• Input data:
- - -
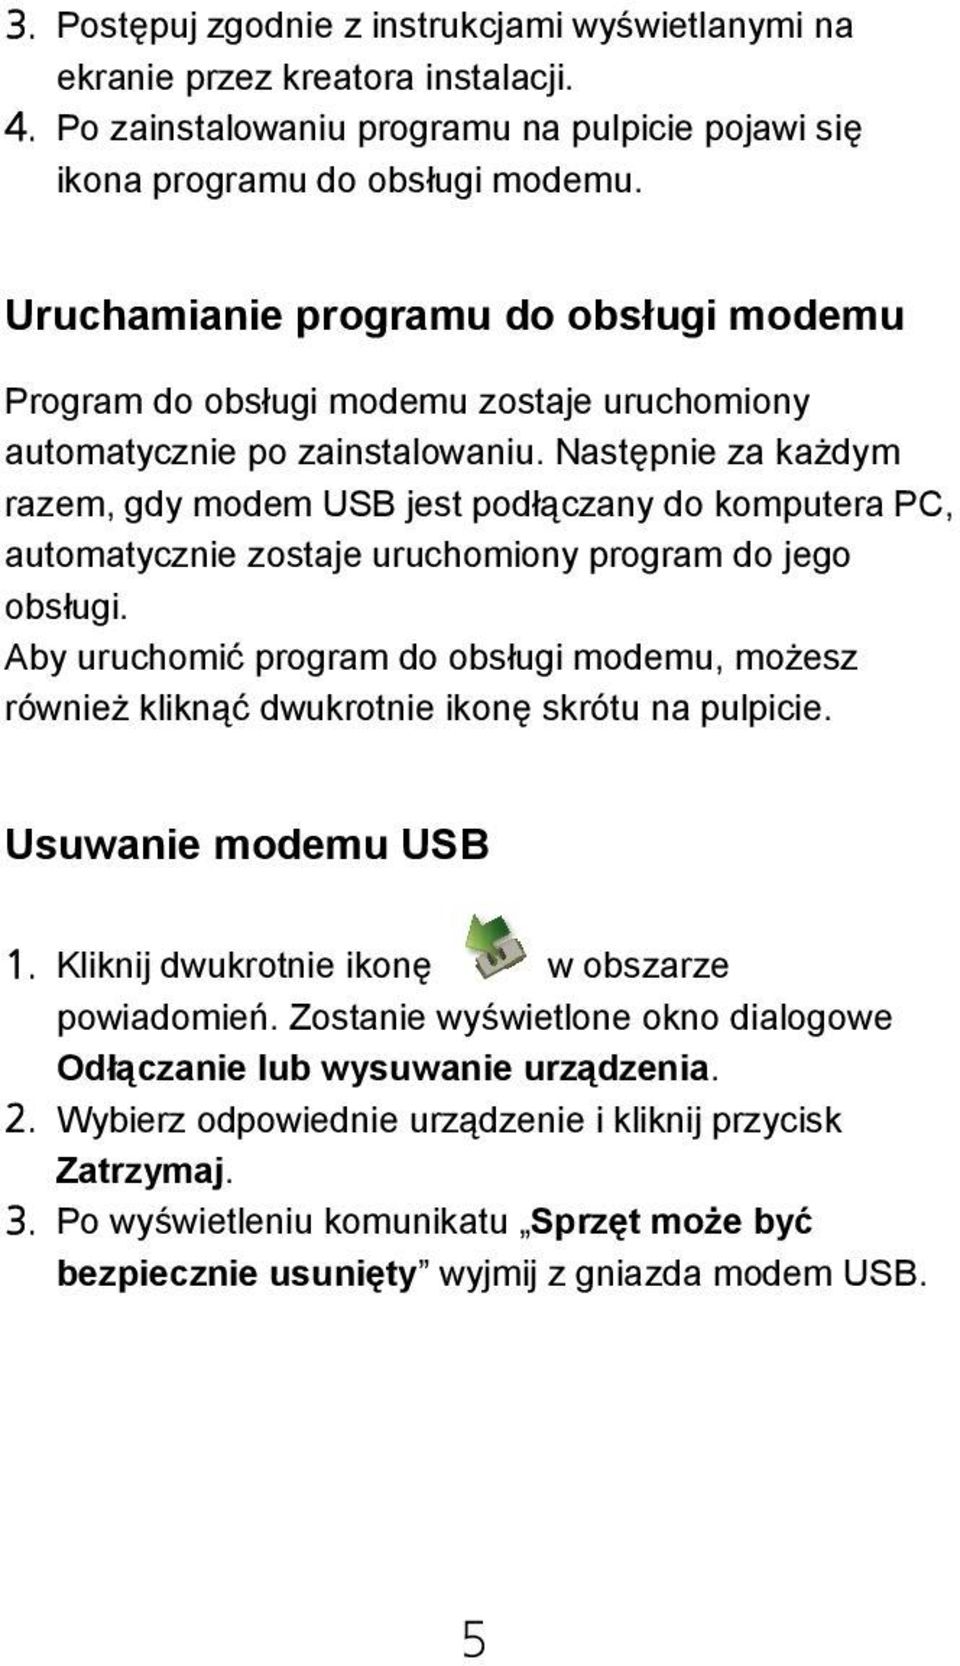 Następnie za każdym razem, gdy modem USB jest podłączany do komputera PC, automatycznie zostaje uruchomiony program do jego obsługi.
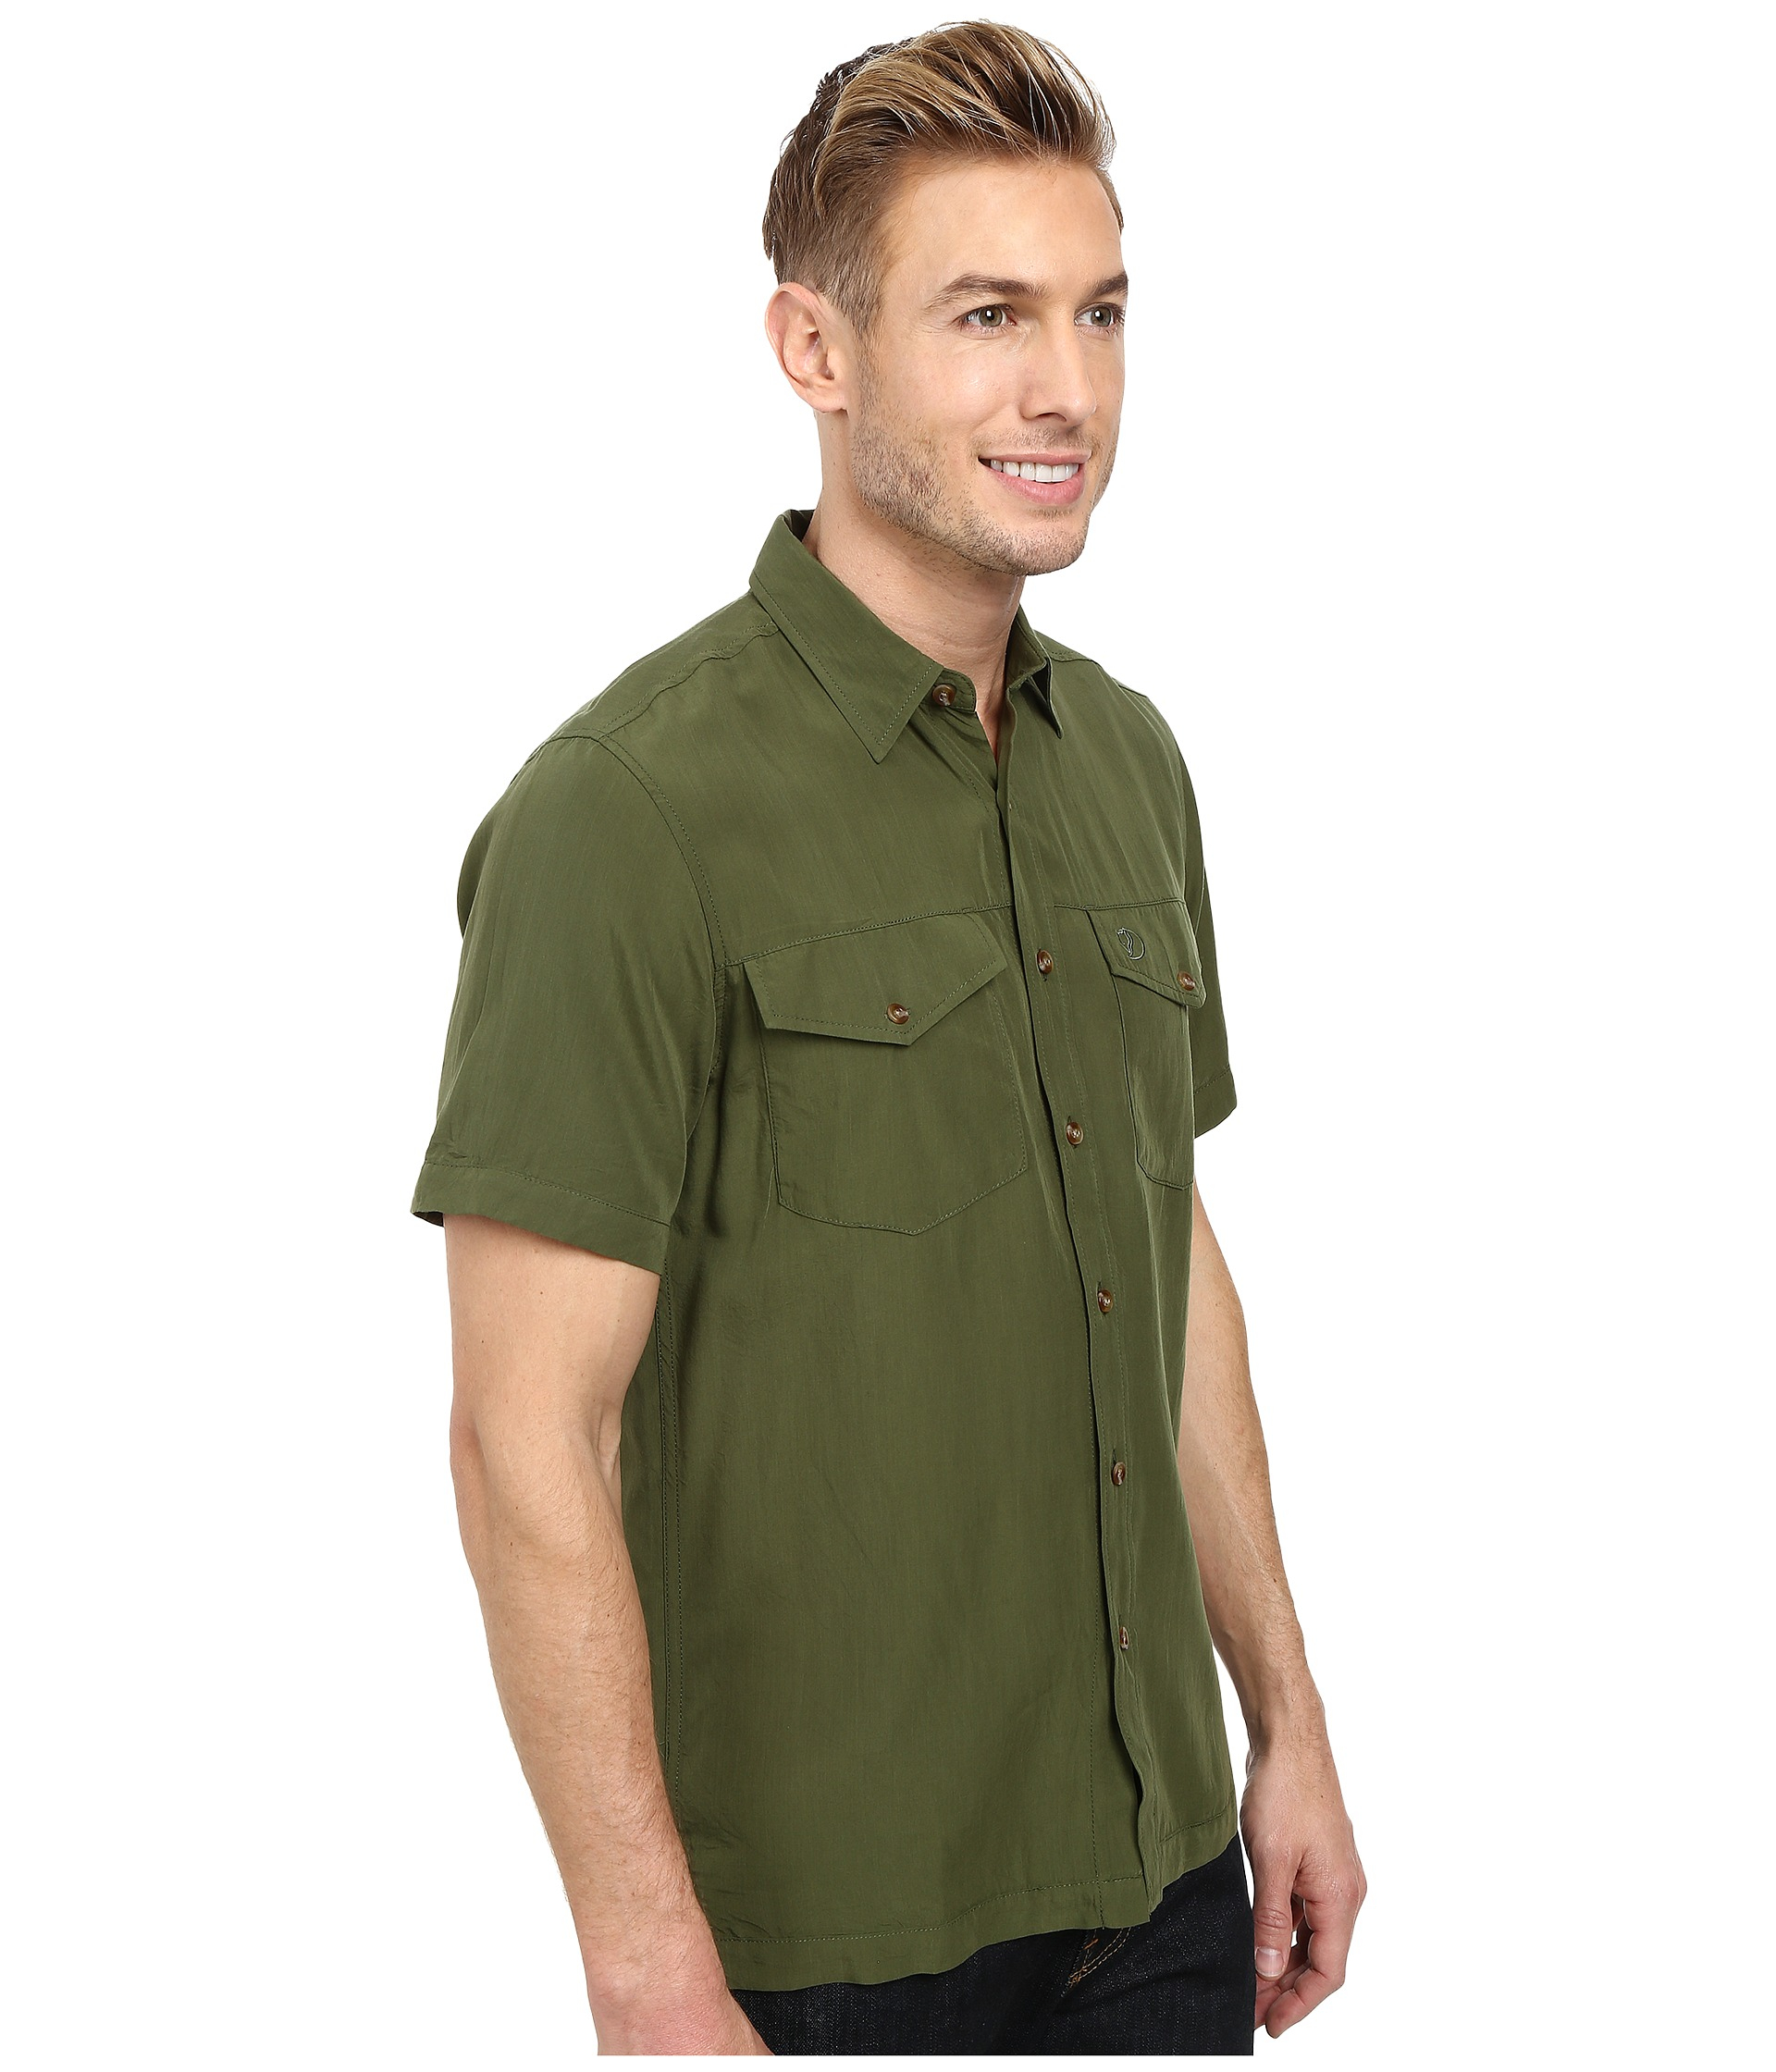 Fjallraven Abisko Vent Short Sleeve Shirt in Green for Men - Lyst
- - -
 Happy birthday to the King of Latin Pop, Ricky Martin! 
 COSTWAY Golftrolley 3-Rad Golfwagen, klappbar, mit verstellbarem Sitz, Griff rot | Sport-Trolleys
- - -
• Action item:
Respond with the exact lines above running from the one containing "Następnie za każdym" to the one containing "Fjallraven Abisko Vent", both ends kept and no pictures included.

• Response below:
 Następnie za każdym razem, gdy modem USB jest podłączany do komputera PC, automatycznie zostaje uruchomiony program do jego obsługi.
 Fjallraven Abisko Vent Short Sleeve Shirt in Green for Men - Lyst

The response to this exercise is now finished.